◆ PROVIDED MATERIAL ◆
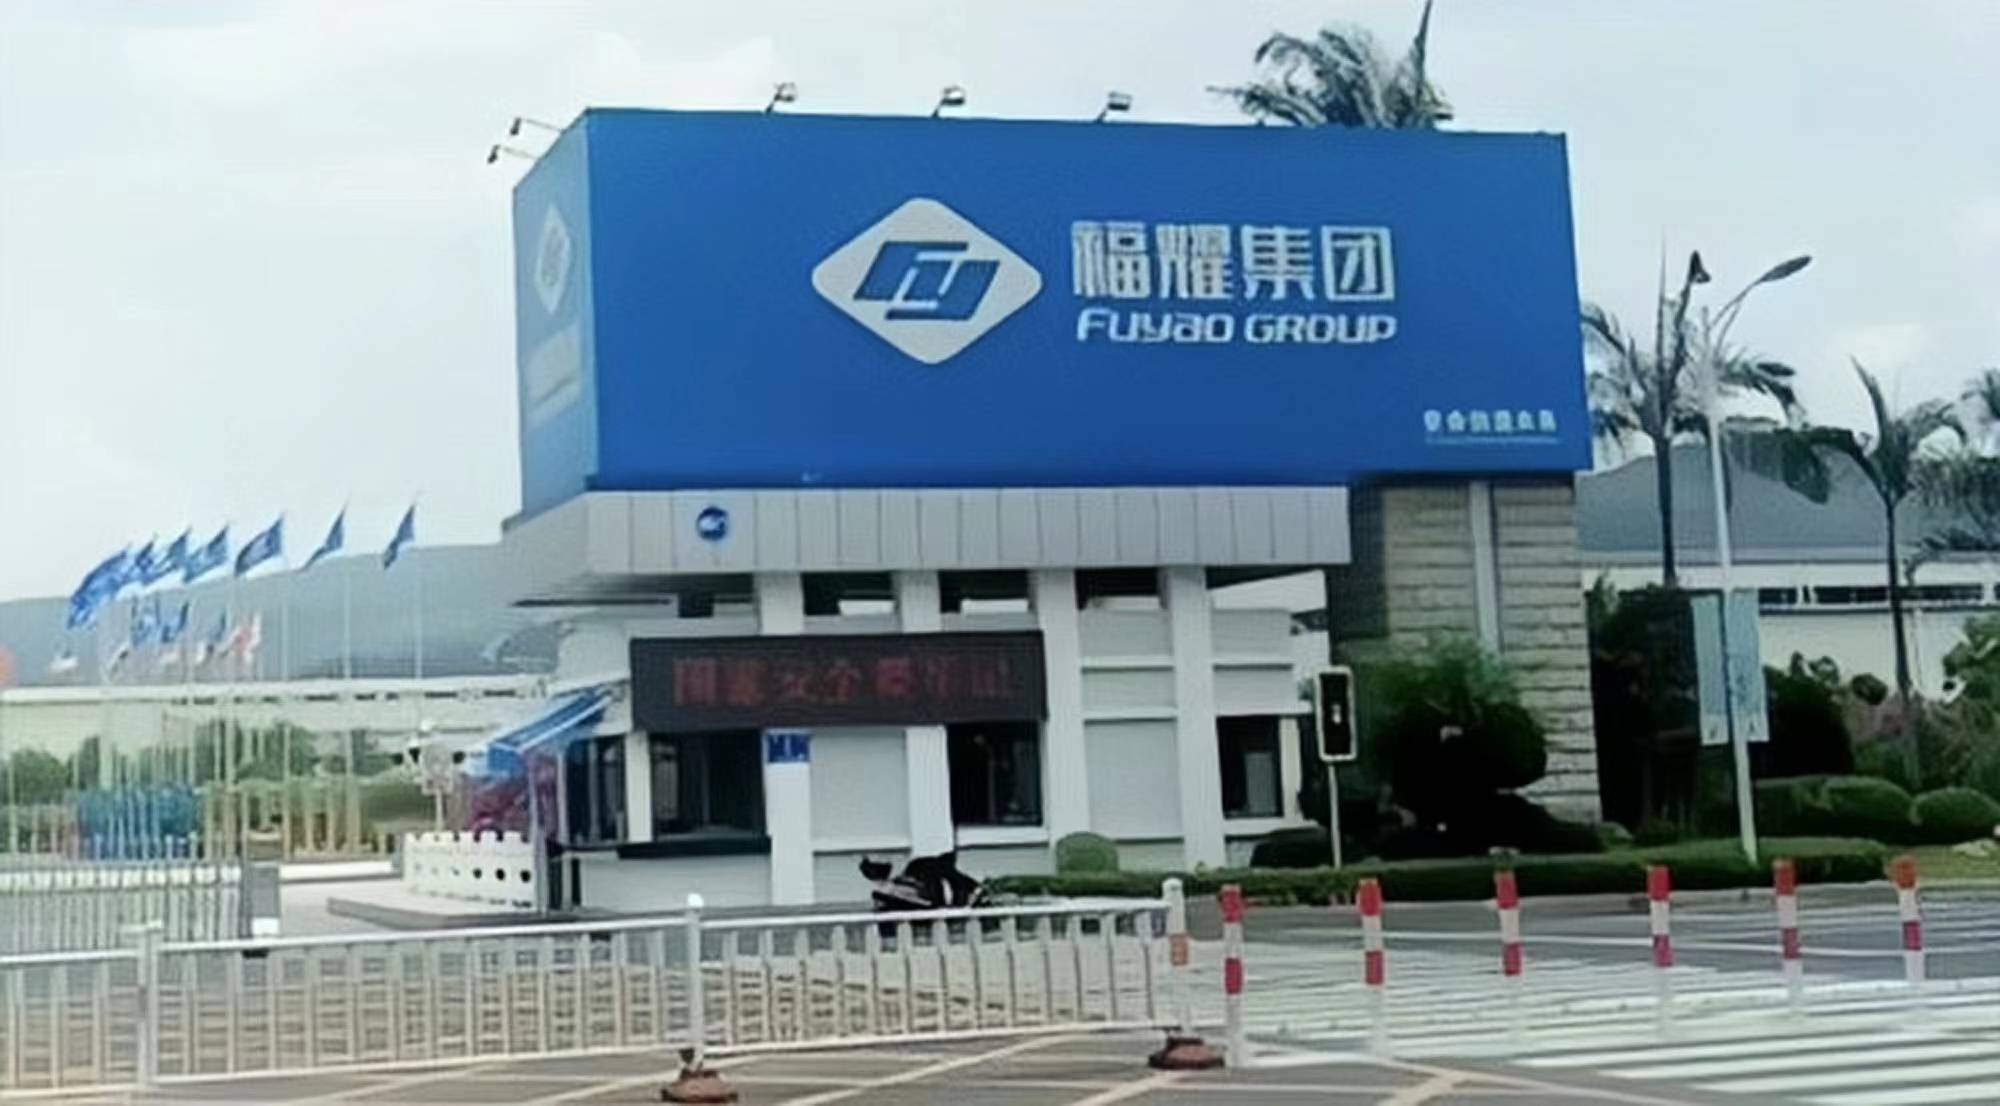 提出申请,搬到宏路,又去上海请耀华玻璃厂技术入股,成立了福耀集团
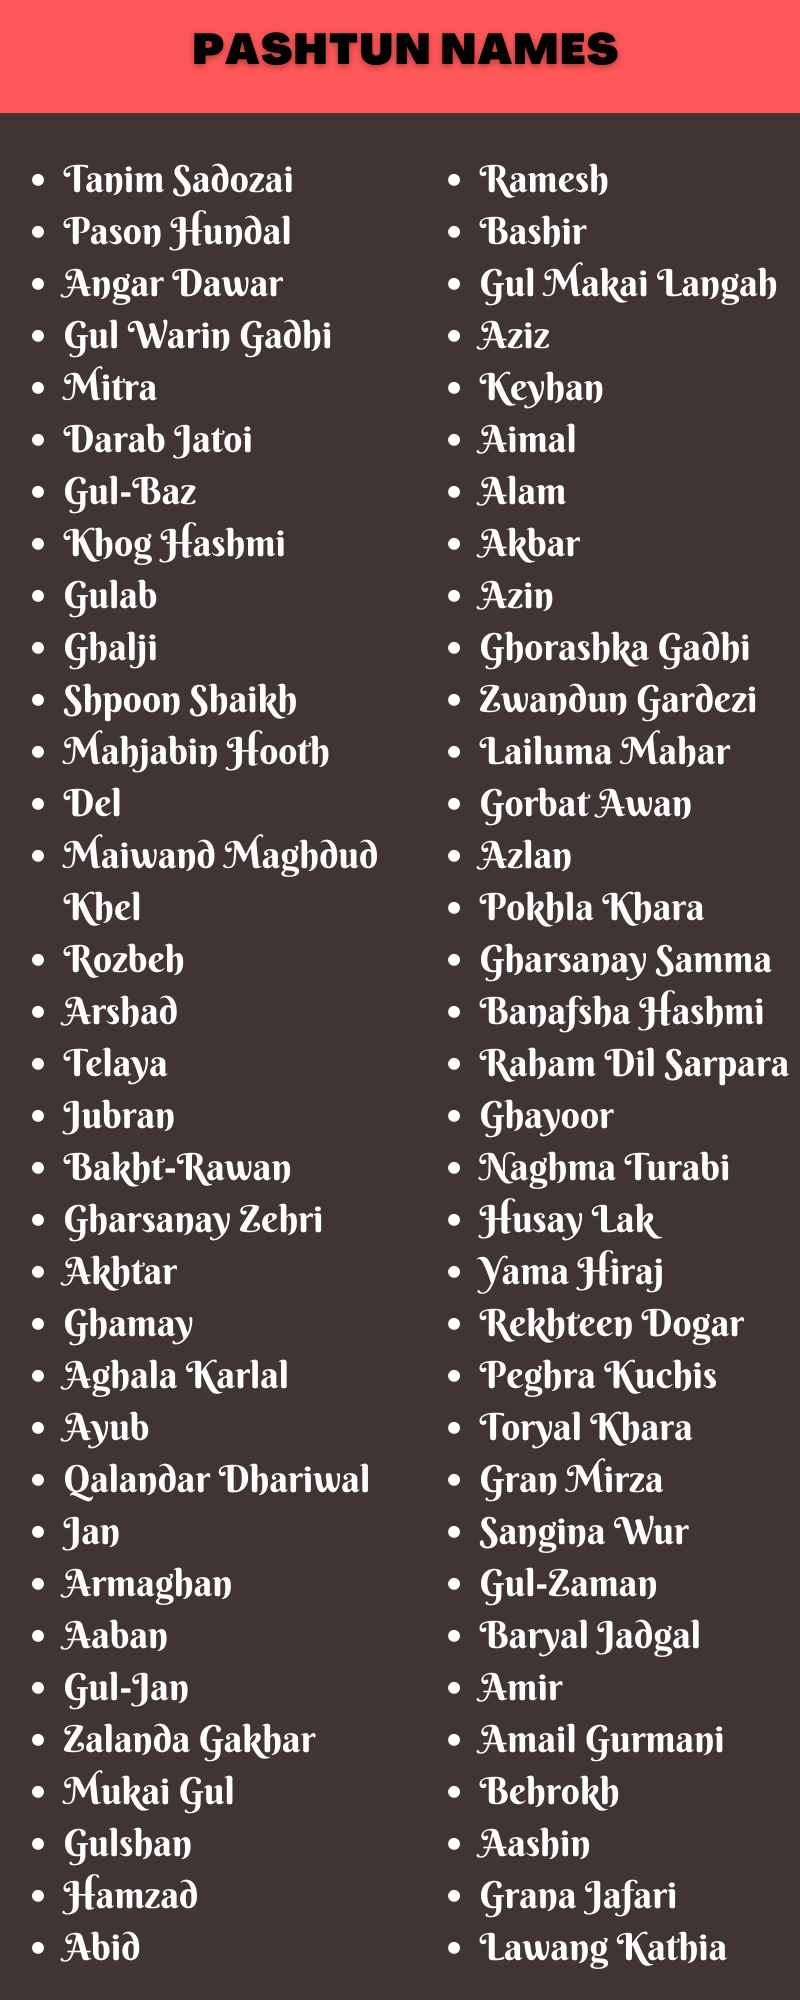 Pashtun Names
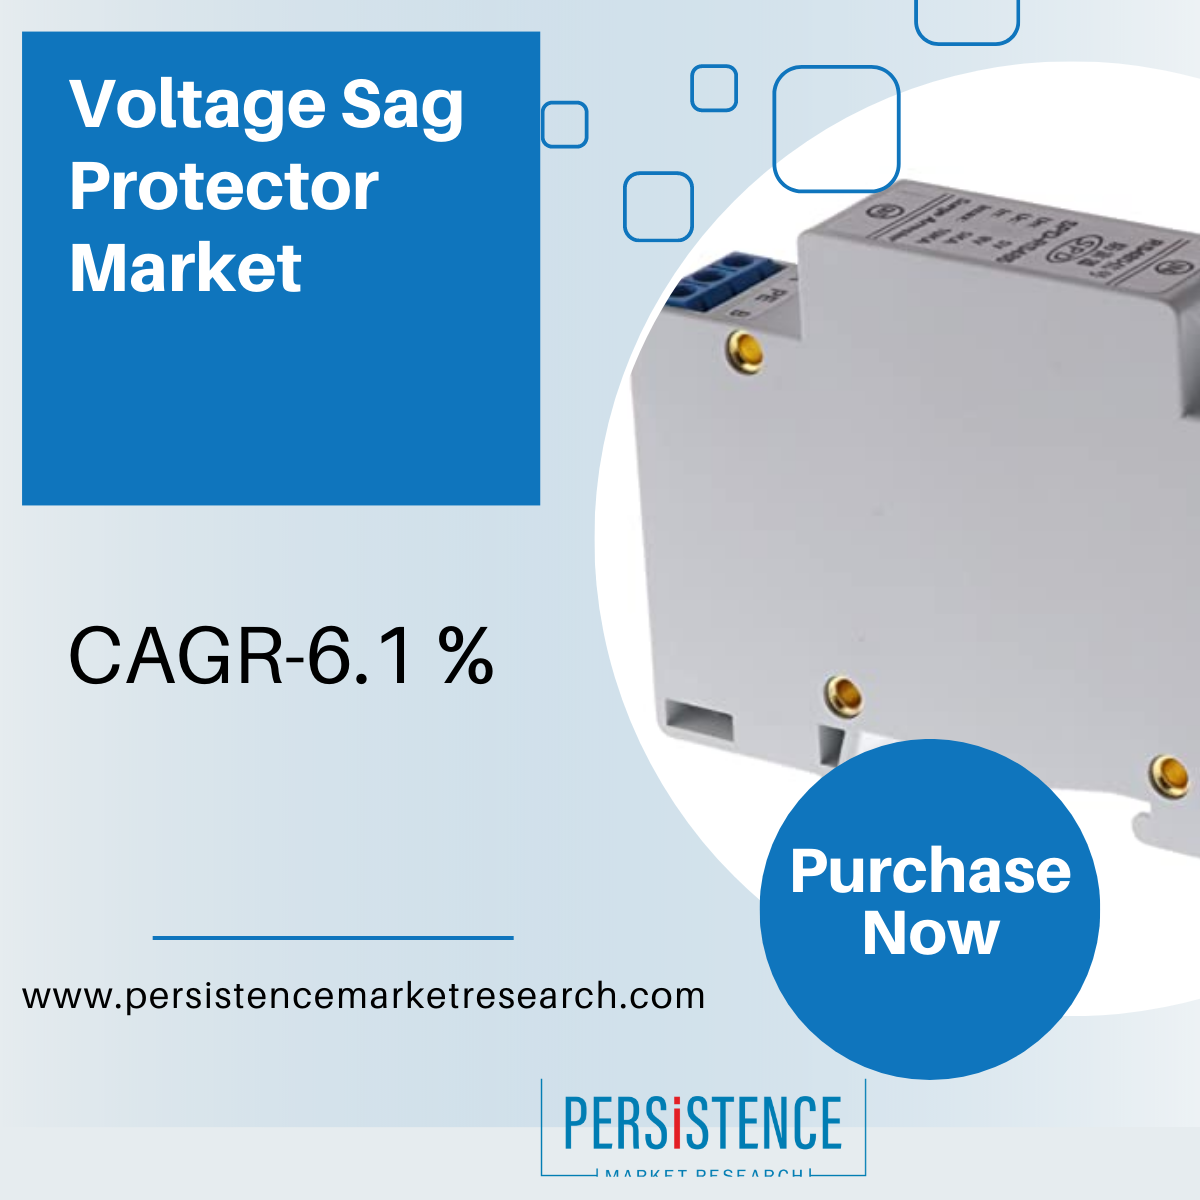 Voltage_Sag_Protector_Market1
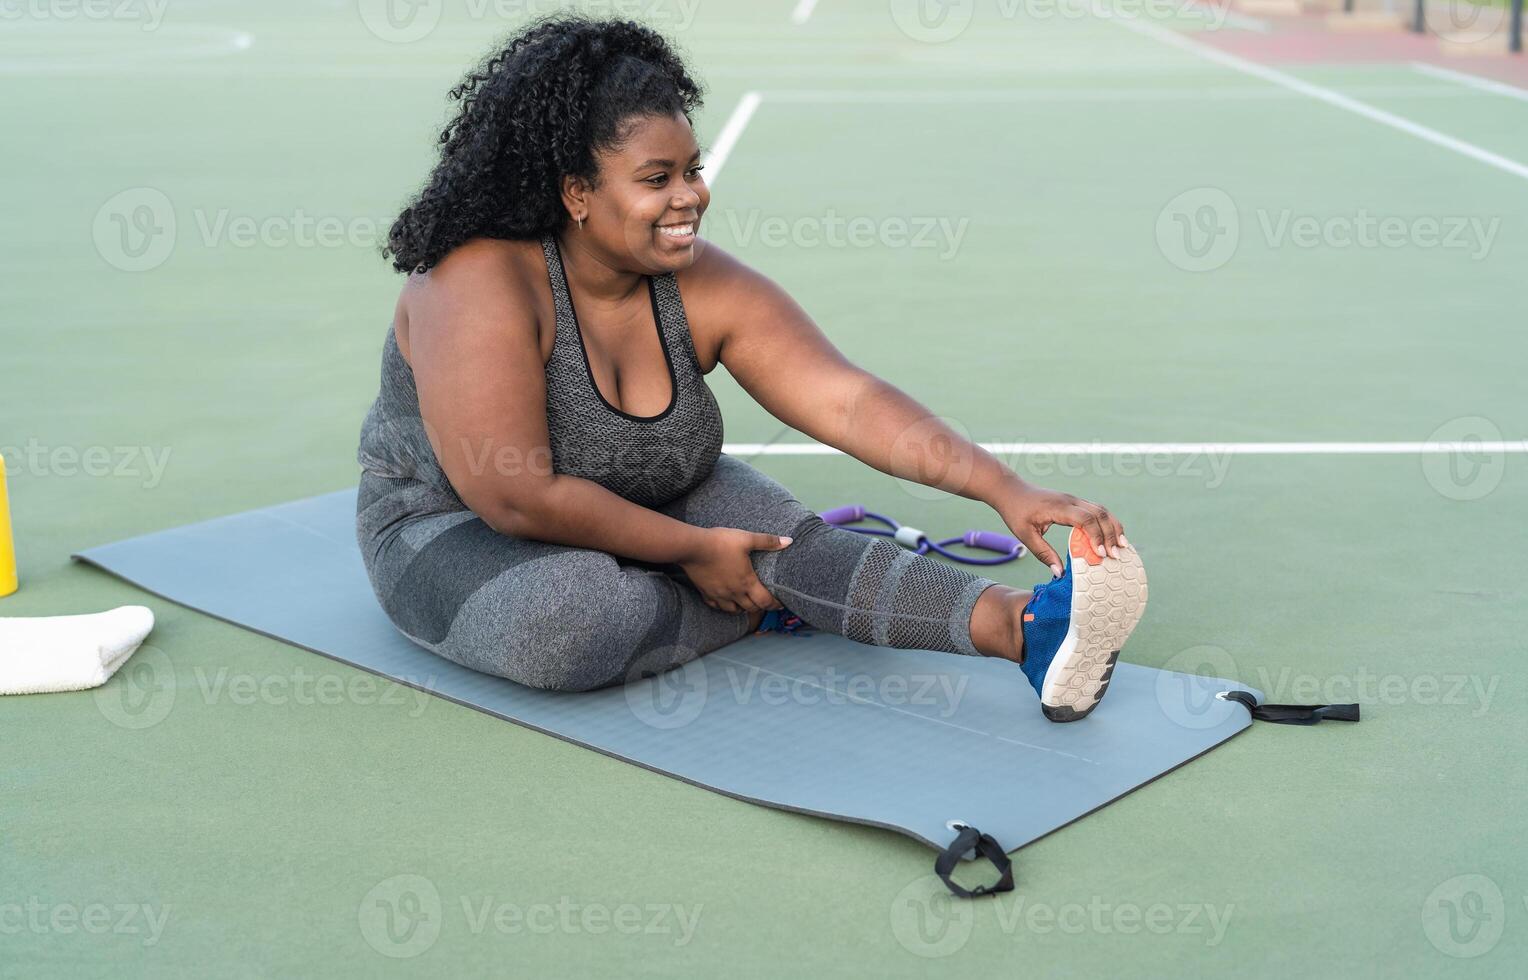 kurvig afro kvinna håller på med stretching övningar session - ung afrikansk kvinna har roligt Träning utomhus- - sportig människor livsstil begrepp foto

◆ WHAT IS REQUIRED ◆
Print the data word for word and omit the pictures.

◆ OUTPUT FOR THIS EXERCISE ◆
 提出申请,搬到宏路,又去上海请耀华玻璃厂技术入股,成立了福耀集团
 Pashtun Names
 Voltage_Sag_Protector_Market1
 kurvig afro kvinna håller på med stretching övningar session - ung afrikansk kvinna har roligt Träning utomhus- - sportig människor livsstil begrepp foto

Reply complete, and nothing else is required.